Hal lain, memberikan umpan balik untuk perilaku yang tidak diharapkan membutuhkan kesabaran, ketenangan, kekuatan kata-kata bahkan yang lebih penting adalah  kesadaran akan tujuan respon yang kita berikan. Ambil waktu jeda untuk memusatkan peristiwa di hadapan kita dengan tujuan-tujuan terbaik. Terlebih dalam kerangka mewariskan nilai-nilai tauhid dan kebaikan ajaran Islam. Saya jadi geli ketika teringat suatu episode ‘umpan balik’ yang ‘menggoda’ terjadi di antara kami bertiga. Saya dan dua anak saya. Si Adik saat itu sedang begitu asyiknya memainkan lego barunya. Saat asyik-asyiknya, Kakaknya datang menggoda dengan gayanya yang membuat si Adik ‘kheki’. Sempat terjadi dialog di antara mereka, sampai kemudian si Adik setengah berlari sambil berteriak memanggil saya, “Bunda, Kakak ini loh, nakal, nggodain aku main.” Menyadari kalau si Kakak memang menggoda Adiknya, saya menyahut sambil menyambut si Adik, “Ya udah dek, Kakak DIJAUHIN dulu aja, sini Adek main dekat bunda ya.” Kata saya. “Rasain kamu Kak, tak JAUHIN!” Kata si Adek dengan garang dan sangat yakin bahwa ‘dijauhin’ olehnya adalah benar-benar sebuah hukuman yang menyiksa. Saya sempat melirik si Kakak yang bengong sebelum kemudian mengatakan, “Jangan ya Dek.. mau temenan sama Kakak ya..Kakak minta maaf ya,” melasnya. Aku tahu meski tampak lucu, si Kakak bersungguh-sungguh dengan perasaannya. “Tapi kamu yang baik ya sama aku”, Kata si Adek.

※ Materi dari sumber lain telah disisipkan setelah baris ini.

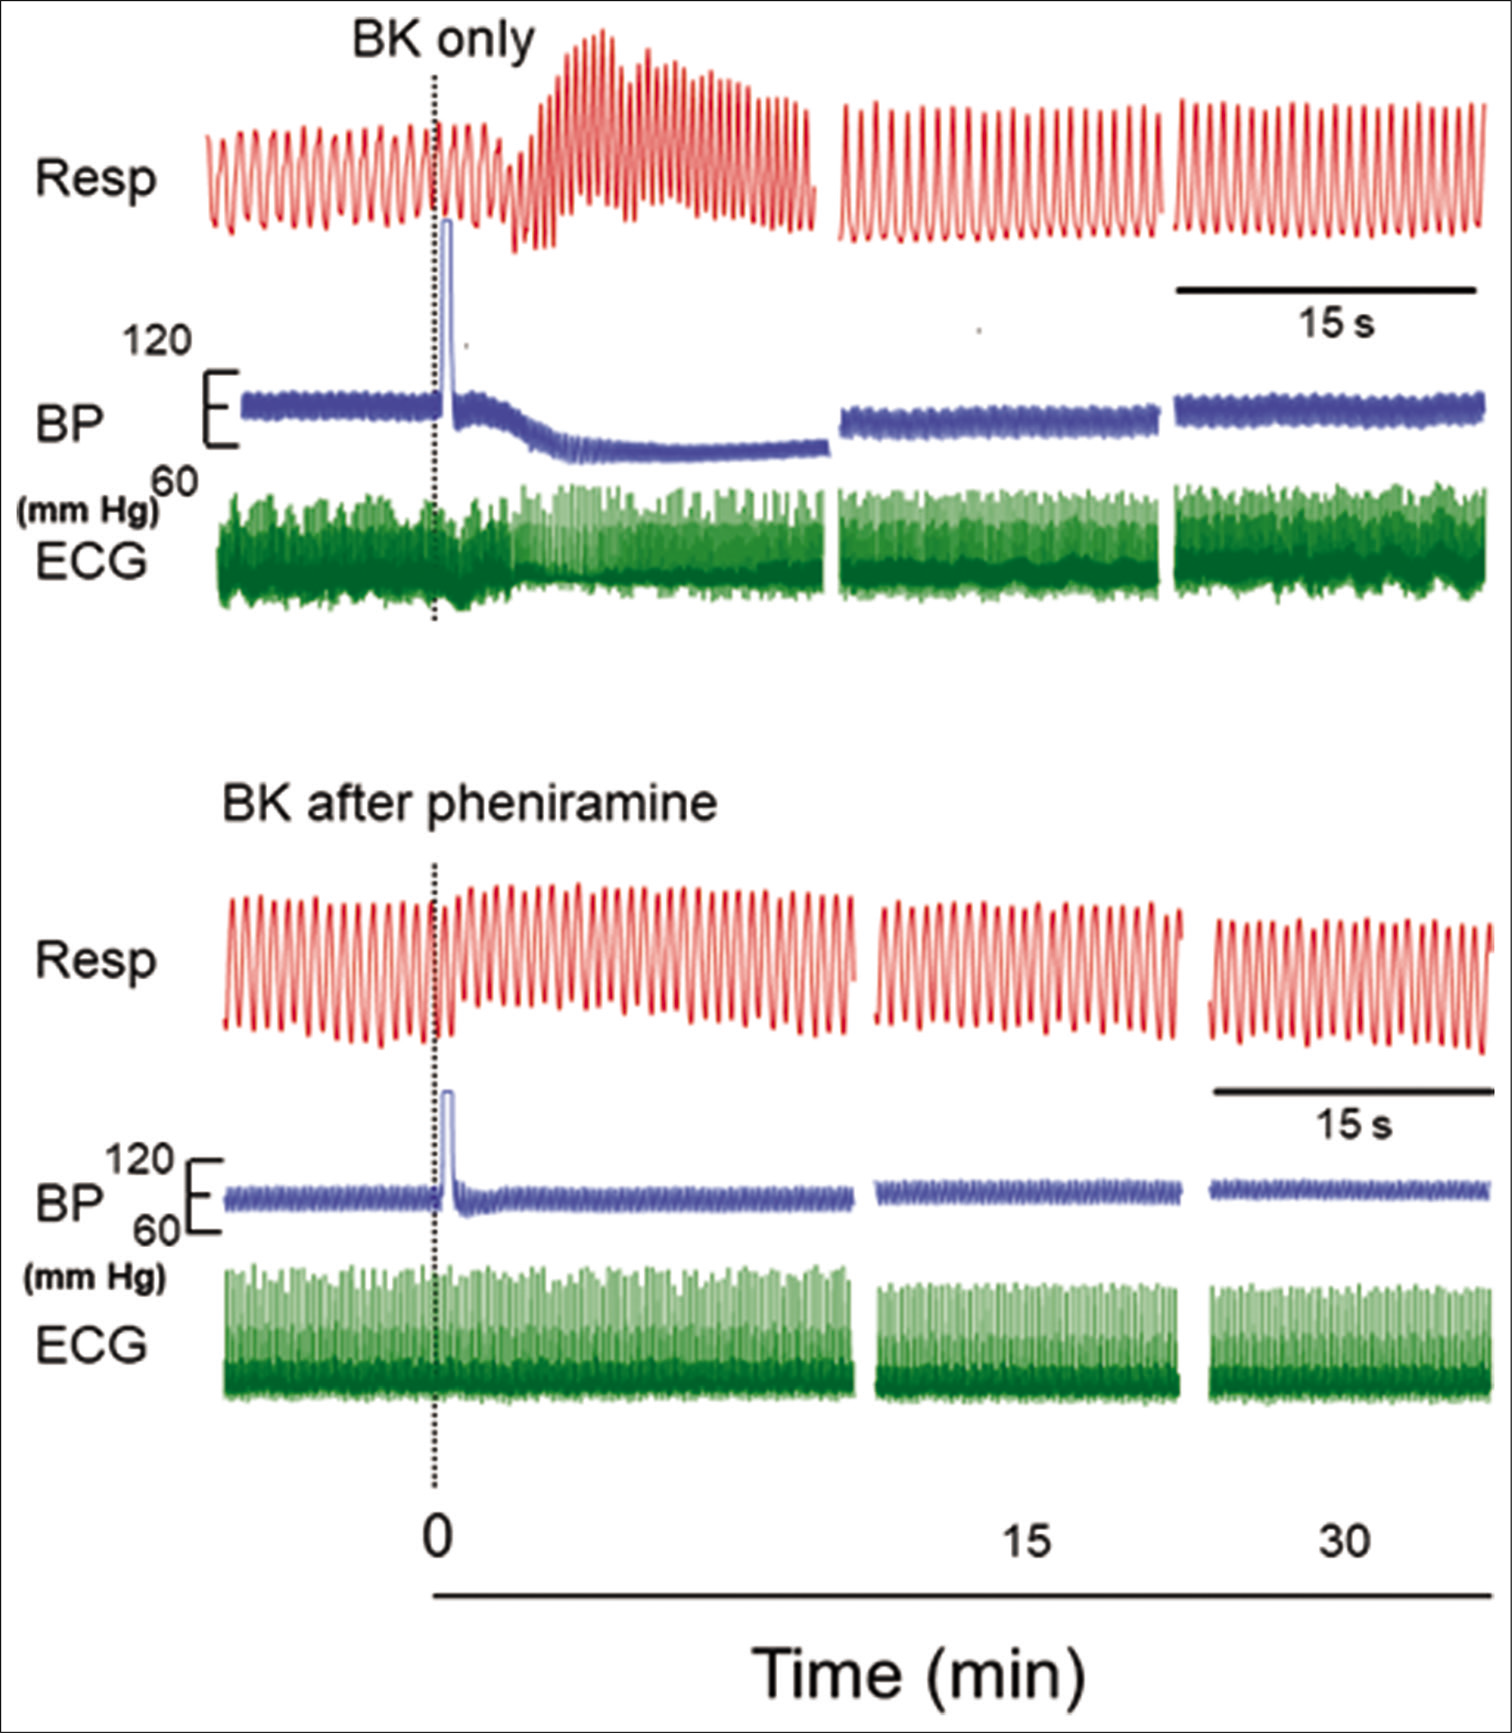 Original recordings showing the effect of injecting 1 µM concentration of bradykinin (BK) (0.10 ml) in a segment of femoral artery on respiration (Resp), blood pressure (BP), and electrocardiogram (ECG) in the naive and in pheniramine maleate pretreated rats. The responses after BK are shown at different time intervals as indicated in the lower panel. The point of injection is shown by dotted line. The horizontal line between Resp and BP indicates 15 s for all parameters.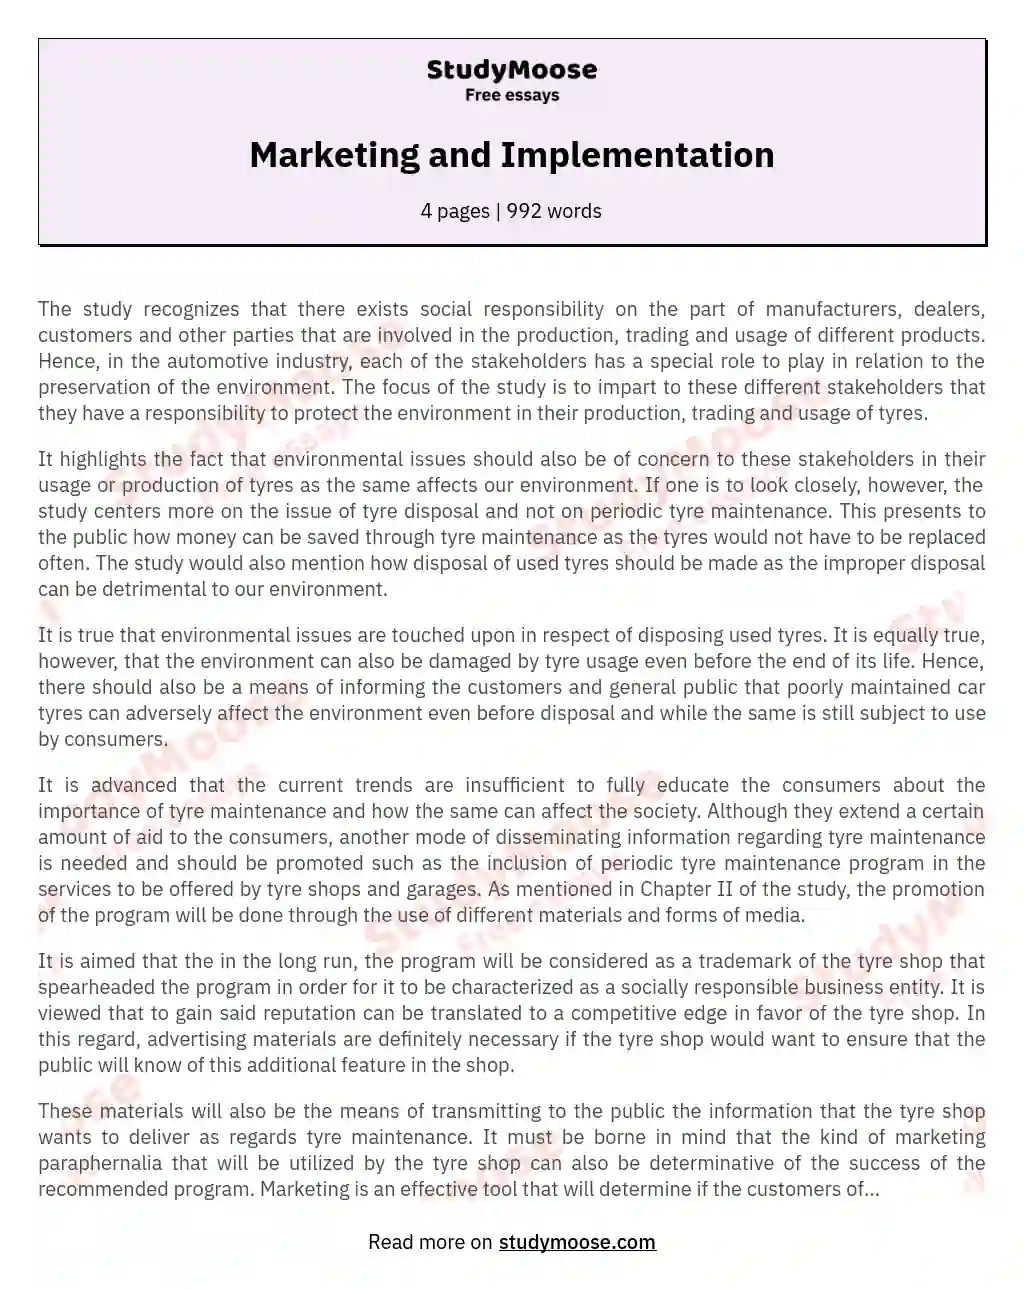 Marketing and Implementation essay

Dan mereka mulai bermain dalam damai. Sesaat setelah mereka bermain aku tergoda untuk menggali dari Kakak tentang perasaan yang dialaminya. “Kak, gimana rasanya waktu Adek bilang, ‘Rasain kamu, tak jauhin!” tanyaku tenang. Sambil senyum  Kakak menjawab “ Ya gitu deh Bunda, rasanya gimana gitu..”. Ah, sepertinya aku tahu… || 

Pihasniwati, Direktur Lembaga Psikologi Terapan Metamorfosa, Yogyakarta, Dosen Prodi Psikologi Fakultas Sosial dan Humaniora UIN Sunan Kalijaga Yogyakarta.